Rommel’s Attack at El Alamein – Aug 30 – Sept 6 1942

Rommel launched his attack on the night of August 30/31. The attack took the form of three simultaneous thrusts; one against the northern sector, one in the central sector and the major effort in the south. The northern thrust was easily repulsed. The effort in the center made some gain but was driven back by a counterattack. The major thrust in the south was made by the DAK and the Italian Armored Corps. By 1000, on the 31, the German 15.Panzerdivision and the 21.Panzerdivision had penetrated the mine field near Quaret El Himeimat and by mid-afternoon, the German 90.LAD had breached the mine field near Ruweisat Ridge. The Trieste Motorized Division was the only Italian division that ever penetrated the mine, field. During the afternoon of August 31, mobile elements of the British 7th Armoured Division had been hit by elements of the German 15.Panzerdivision and had withdrawn to the east according to plan. The German 21.Panzerdivision had turned toward the northeast after passing through the mine field and had run into the British 22nd Armoured Brigade located in their prepared position on the southeastern slope of Alem El Helfa. This German unit suffered heavy losses and withdrew after dark. During the night Rommel’s spearheads were hit hard by the RAF.

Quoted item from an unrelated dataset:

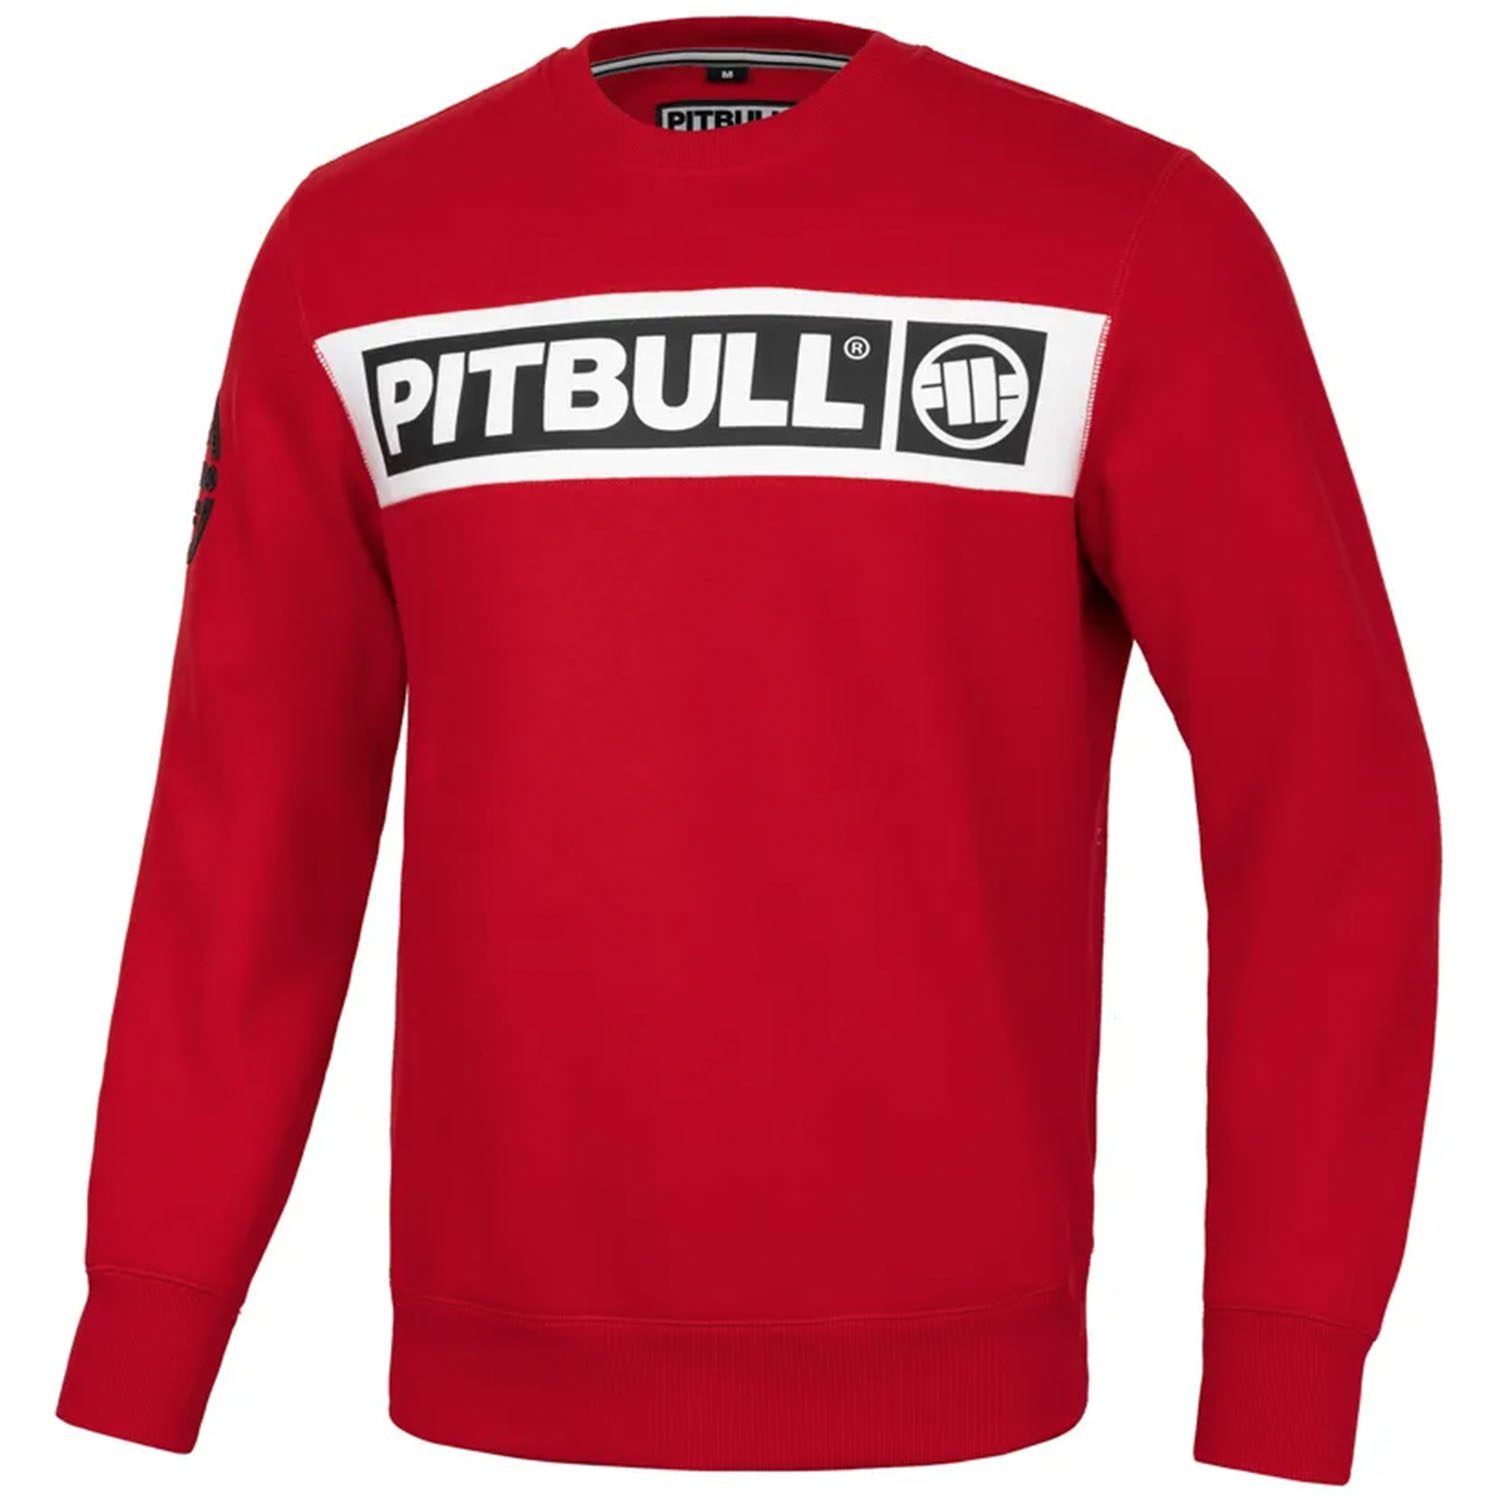 Pit Bull West Coast Pullover, Sherwood, red
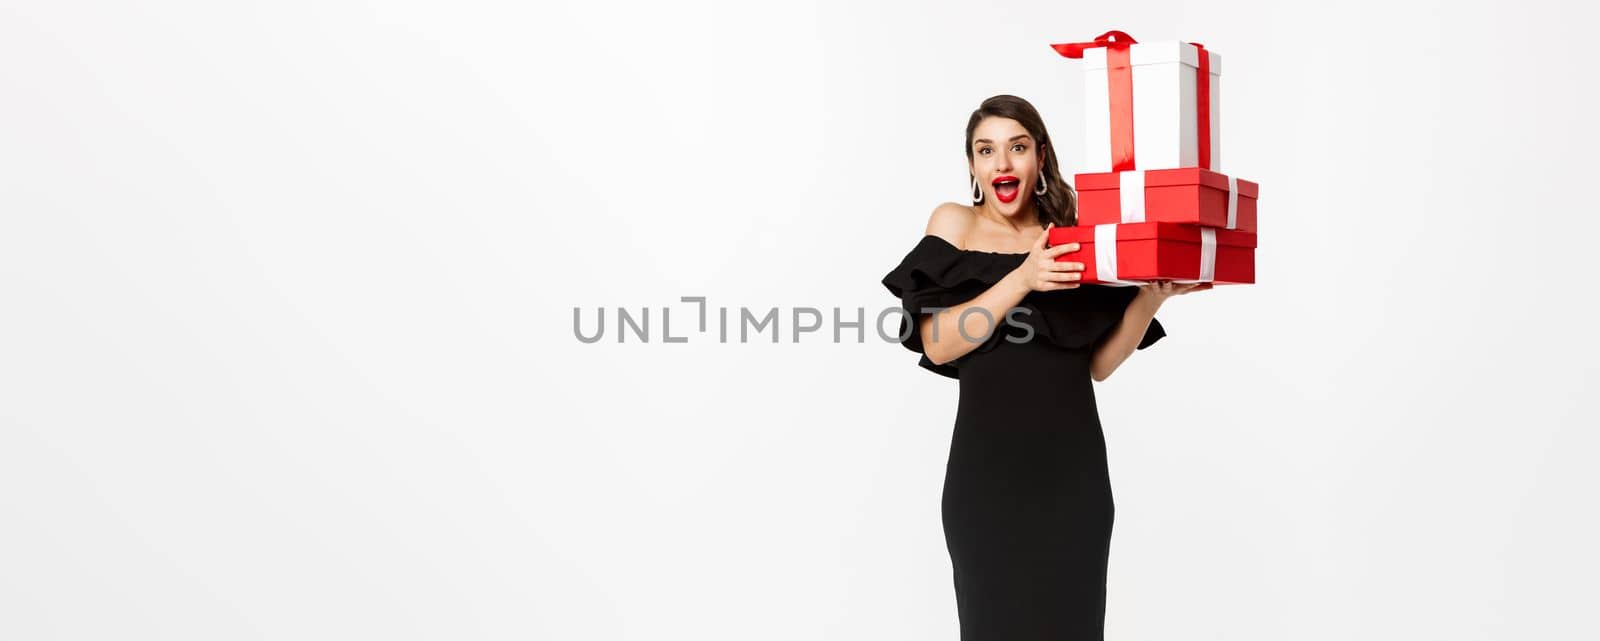 Merry christmas and new year holidays concept. Cheerful lady in black dress holding xmas presents and smiling at camera, standing over white background.

On Sep 1, the 15. and 21. Panzerdivisions attacked the Alem El Helfa position, and as soon as Montgomery decided that this was the main armored thrust he moved elements of the 10th Armoured Division from the east and the 23rd Armoured Regiment from the north alongside the 22nd Armoured Division. British armor had learned their lesson at the Gazala line. This time they fought from their well prepared positions under the protection of their artillery and antitank guns. The Germans suffered heavy losses in armor, and during the next two days Rommel seemed undecided as to where to attack with his tanks. The refusal of the British armor to leave their positions was an action he had not contemplated, and the longer range of the new British tanks and antitank guns presented a different problem than the one he had solved so effectively at the Gazala line. The mobile British armored units on the south continued to deliver harassing attacks from that direction and the RAF was hitting him continuously. On Sep 3, the British launched an attack to the south with the 2nd New Zealand Division that was successful advancing a short distance but was not successful in closing the gap in the mine field. This attack by the British seemed to be the final factor that convinced Rommel that his offensive had failed. On Sep 4, he began his withdrawal to the west. The British continued to press some attacks with the 2nd New Zealand Division and mobile armored units from the south, but the bulk of the British armor remained in position along the Alem El Helfa Ridge. The Axis bitterly contested each yard of their foothold east of the mine field. On Sep 6, they still retained a small nose in the mine field and Montgomery decided to allow them to keep it as it had no material effect on his own position. After having allowed Rommel to expend his precious supplies and equipment, Montgomery was now ready to make his final preparation for the offensive that was to end in the destruction of the Axis forces in North Africa.